### Exercise directions
In the listing below, find the line containing "Great marques: The Volkswagen story 232" and the line containing "Chapter 7 WirelessVMG4380-B10A", then copy exactly everything from the first through the second, except the pictures.

### Extracted entries
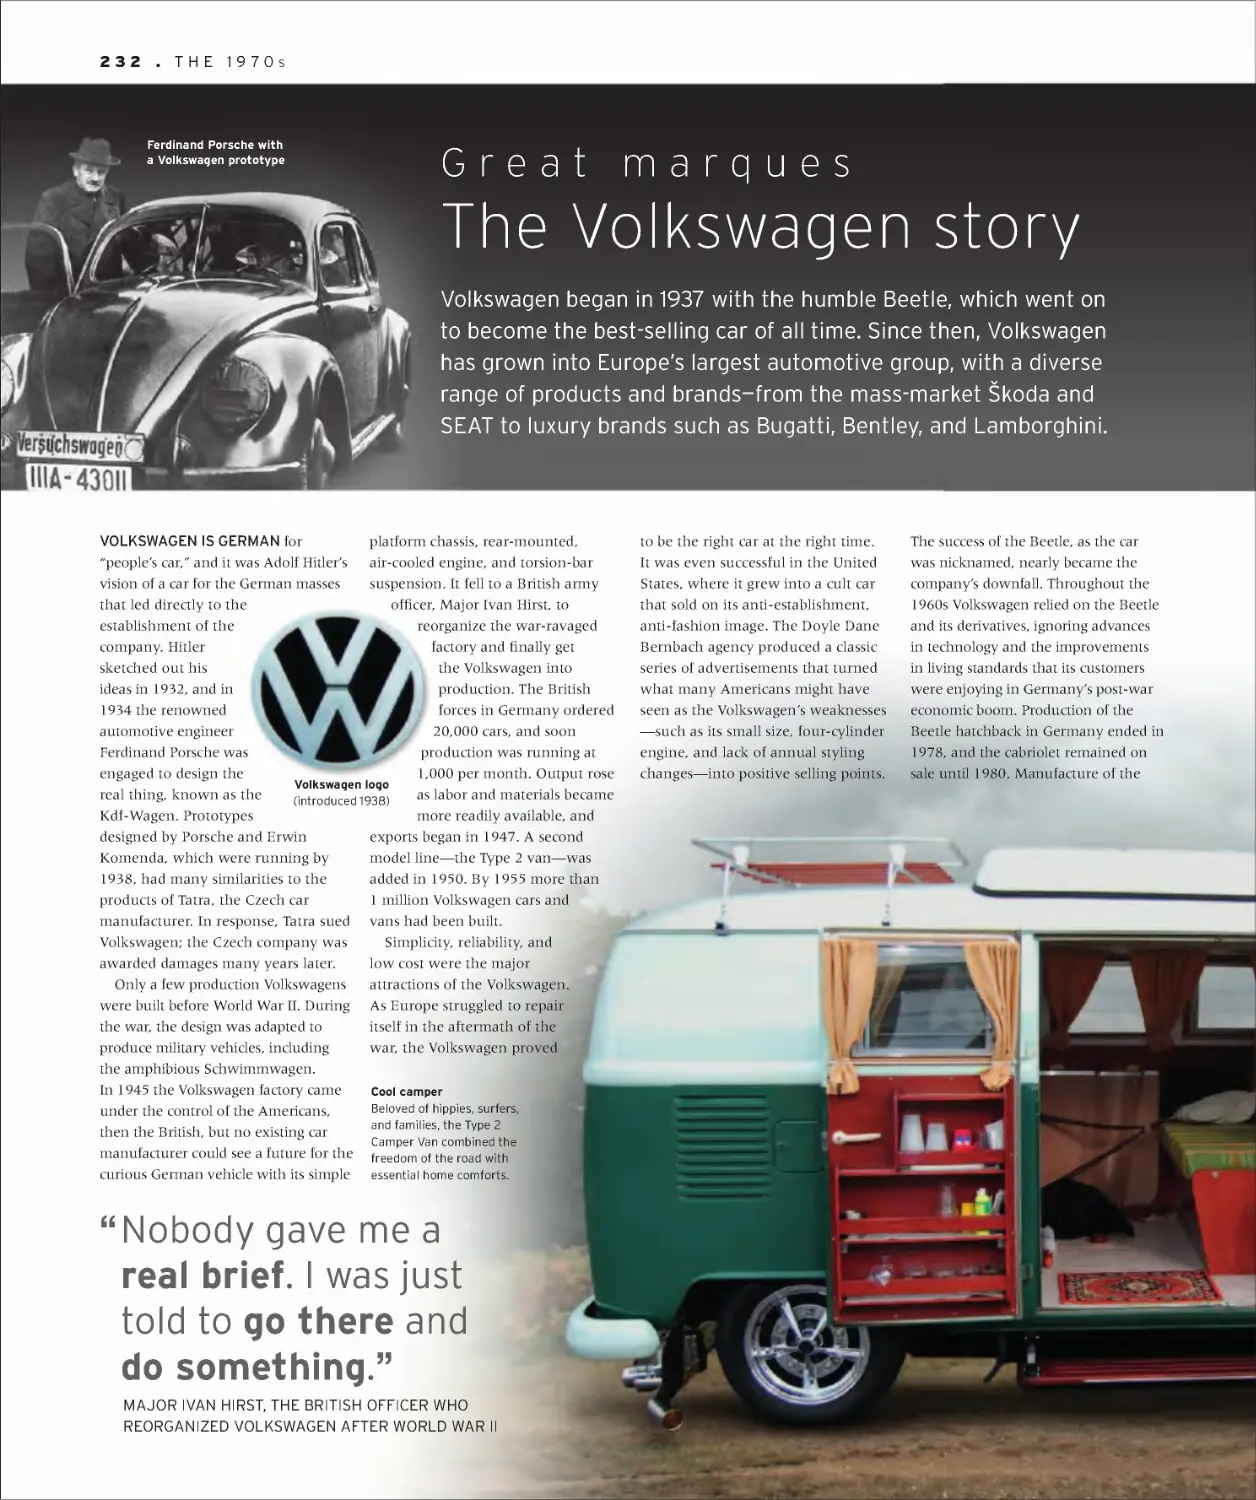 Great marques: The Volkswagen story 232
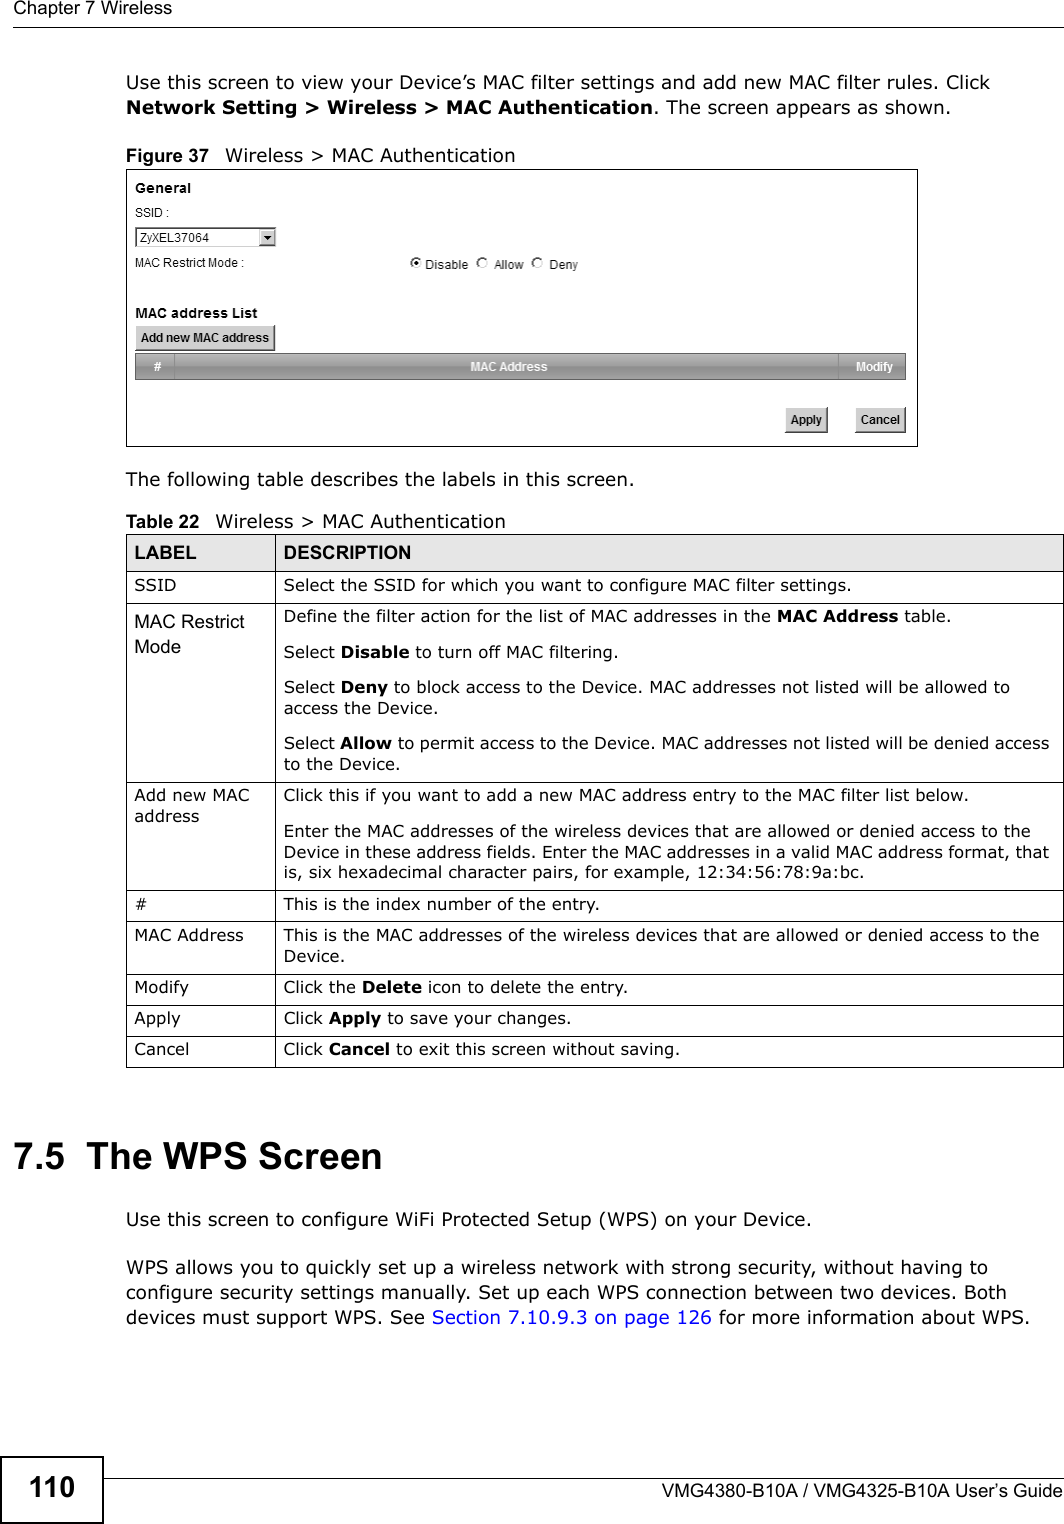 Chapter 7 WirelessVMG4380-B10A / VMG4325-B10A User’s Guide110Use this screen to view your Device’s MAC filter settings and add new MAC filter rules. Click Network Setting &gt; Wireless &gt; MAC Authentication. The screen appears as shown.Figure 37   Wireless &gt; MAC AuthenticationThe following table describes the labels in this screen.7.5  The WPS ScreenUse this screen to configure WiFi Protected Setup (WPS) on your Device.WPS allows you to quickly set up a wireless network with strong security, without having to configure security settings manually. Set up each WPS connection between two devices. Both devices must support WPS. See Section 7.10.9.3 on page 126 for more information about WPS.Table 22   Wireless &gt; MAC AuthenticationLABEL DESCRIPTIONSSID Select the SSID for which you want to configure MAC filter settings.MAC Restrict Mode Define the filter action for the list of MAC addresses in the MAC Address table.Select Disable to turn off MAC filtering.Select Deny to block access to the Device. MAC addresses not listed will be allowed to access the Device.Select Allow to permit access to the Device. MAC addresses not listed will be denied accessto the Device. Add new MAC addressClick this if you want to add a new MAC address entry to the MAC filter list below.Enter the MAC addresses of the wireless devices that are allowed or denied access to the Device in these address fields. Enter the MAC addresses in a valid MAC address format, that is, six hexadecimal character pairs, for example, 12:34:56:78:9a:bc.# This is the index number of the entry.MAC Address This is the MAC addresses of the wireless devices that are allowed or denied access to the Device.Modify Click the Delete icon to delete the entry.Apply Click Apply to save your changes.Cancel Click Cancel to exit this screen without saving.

...

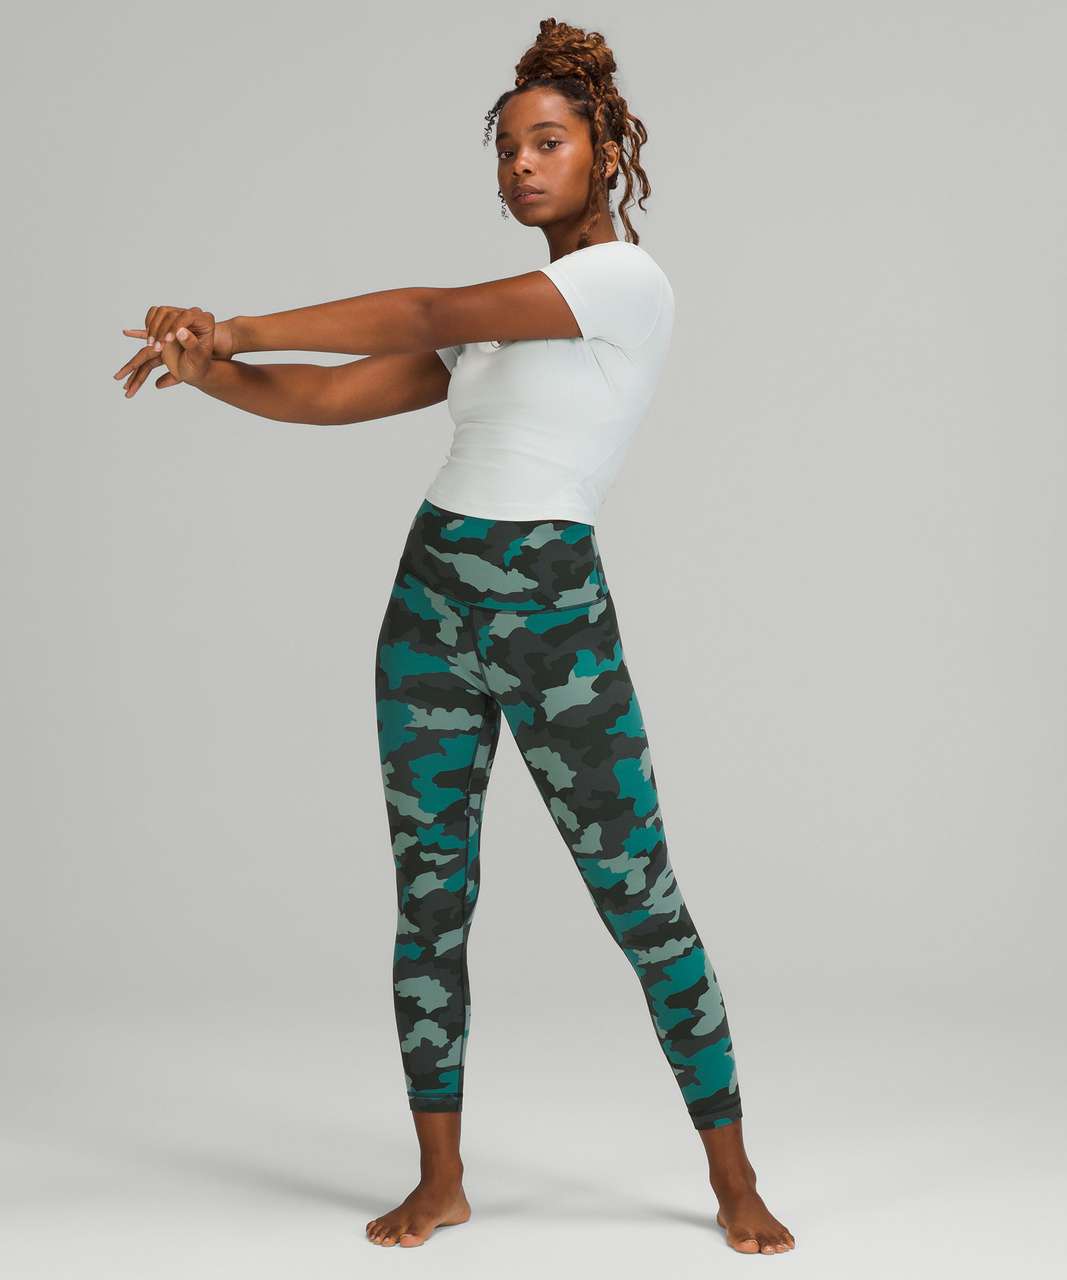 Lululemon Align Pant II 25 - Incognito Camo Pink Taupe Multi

### Exercise output
 Great marques: The Volkswagen story 232
 Chapter 7 WirelessVMG4380-B10A / VMG4325-B10A User’s Guide110Use this screen to view your Device’s MAC filter settings and add new MAC filter rules. Click Network Setting &gt; Wireless &gt; MAC Authentication. The screen appears as shown.Figure 37   Wireless &gt; MAC AuthenticationThe following table describes the labels in this screen.7.5  The WPS ScreenUse this screen to configure WiFi Protected Setup (WPS) on your Device.WPS allows you to quickly set up a wireless network with strong security, without having to configure security settings manually. Set up each WPS connection between two devices. Both devices must support WPS. See Section 7.10.9.3 on page 126 for more information about WPS.Table 22   Wireless &gt; MAC AuthenticationLABEL DESCRIPTIONSSID Select the SSID for which you want to configure MAC filter settings.MAC Restrict Mode Define the filter action for the list of MAC addresses in the MAC Address table.Select Disable to turn off MAC filtering.Select Deny to block access to the Device. MAC addresses not listed will be allowed to access the Device.Select Allow to permit access to the Device. MAC addresses not listed will be denied accessto the Device. Add new MAC addressClick this if you want to add a new MAC address entry to the MAC filter list below.Enter the MAC addresses of the wireless devices that are allowed or denied access to the Device in these address fields. Enter the MAC addresses in a valid MAC address format, that is, six hexadecimal character pairs, for example, 12:34:56:78:9a:bc.# This is the index number of the entry.MAC Address This is the MAC addresses of the wireless devices that are allowed or denied access to the Device.Modify Click the Delete icon to delete the entry.Apply Click Apply to save your changes.Cancel Click Cancel to exit this screen without saving.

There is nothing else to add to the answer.